В конце концов генерал все-таки разрешил арестованному получать ежедневно «харчи» из дому.
В первый же раз, получив корзину, присланную бабушкой, он оставил у себя бумагу, в которую был завернут хлеб, и вечером смастерил себе что-то вроде чернил из печной сажи, разведенной вином. Потом лег на жесткую койку и отдался потоку мыслей и воспоминаний, который, начавшись с событий последнего дня, унес его в прошлое.
Кто-то пел за стеной и утром, и после вечернего обхода стражи, и даже ночью. Видимо, не спалось этому неизвестному соседу, и коротал он время негромкою песней, разгоняя горькую тоску. Он пел вполголоса мягким, заливчатым тенором, и Лермонтов слушал его с жадностью и отрадой, приблизив ухо к сыроватой стене.
Когда на другой день ему принесли из дому обед, он сунул незаметно на дно пустой корзины ту самую бумагу, в которую накануне был завернут хлеб.
Елизавета Алексеевна при помощи Шан-Гирея вынула ее дрожащими руками и, проливая горькие слезы и не выпуская ее из своих рук, принялась разбирать написанные сажей полустертые слова дорогого почерка.
Кто б ни был ты, печальный мой сосед… —
медленно шевелились ее губы, —
Люблю тебя, как друга юных лет,
Тебя, товарищ мой случайный,
Хотя судьбы коварною игрой
Навеки мы разлучены с тобой
Стеной теперь, а после — тайной!
— Не могу, Акимушка!.. — остановилась бабушка, беспомощно глядя на стихи. — За стеной Мишенька наш!
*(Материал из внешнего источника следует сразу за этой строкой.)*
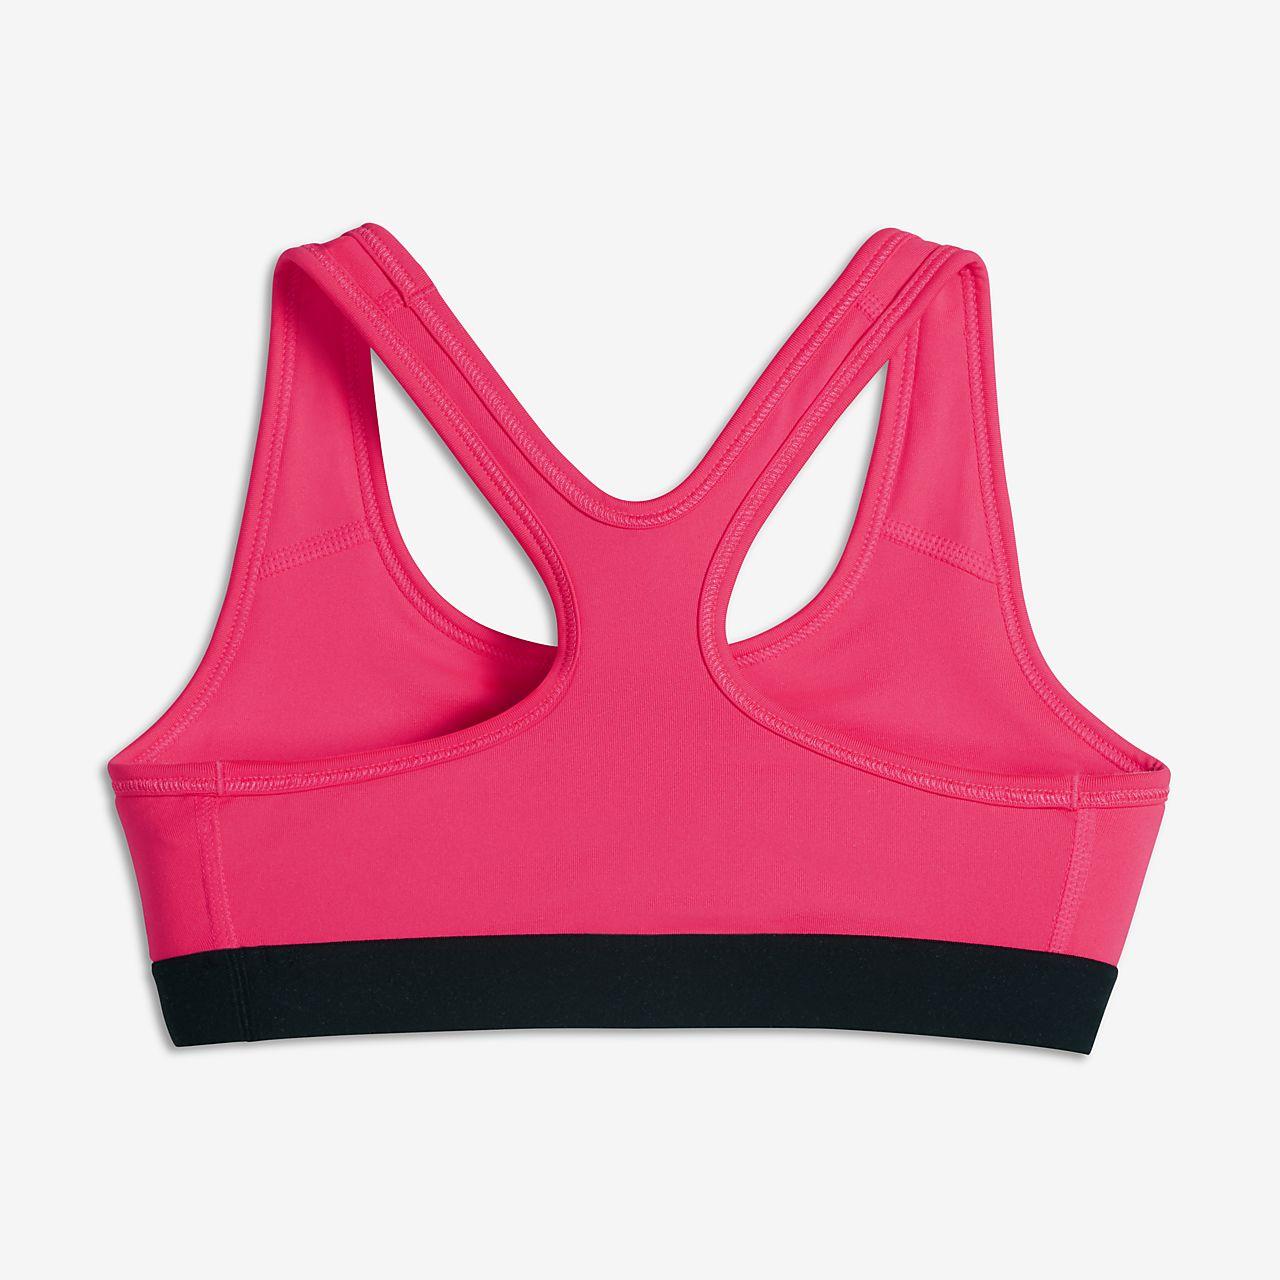 Nike Classic Big Kids Girls Sports Bra Nikecom-3732

За запором!..
— Но в этом ничего страшного нет, бабушка, и Мишеля, конечно, скоро освободят! Давайте-ка я вам прочитаю: у меня глаза получше.
— Разбери, голубчик, прошу тебя! — умоляюще сказала бабушка. — Ведь кто его знает, он, может быть, стихами-то о чем-нибудь меня просит, а я разобрать не могу!
Аким Шан-Гирей продолжал:
Когда зари румяный полусвет
В окно тюрьмы прощальный свой привет
Мне, умирая, посылает
И, опершись на звучное ружье,
Наш часовой, про старое житье
Мечтая, стоя засыпает, —
Тогда, чело склонив к сырой стене,
Я слушаю — и в мрачной тишине
Твои напевы раздаются.
О чем они — не знаю; но тоской
Исполнены, и звуки чередой,
Как слезы, тихо льются, льются…
— Ах, Миша, Миша! — с тоской воскликнула бабушка, перебивая чтение. — Ведь это значит, что плачет он там, Акимушка!..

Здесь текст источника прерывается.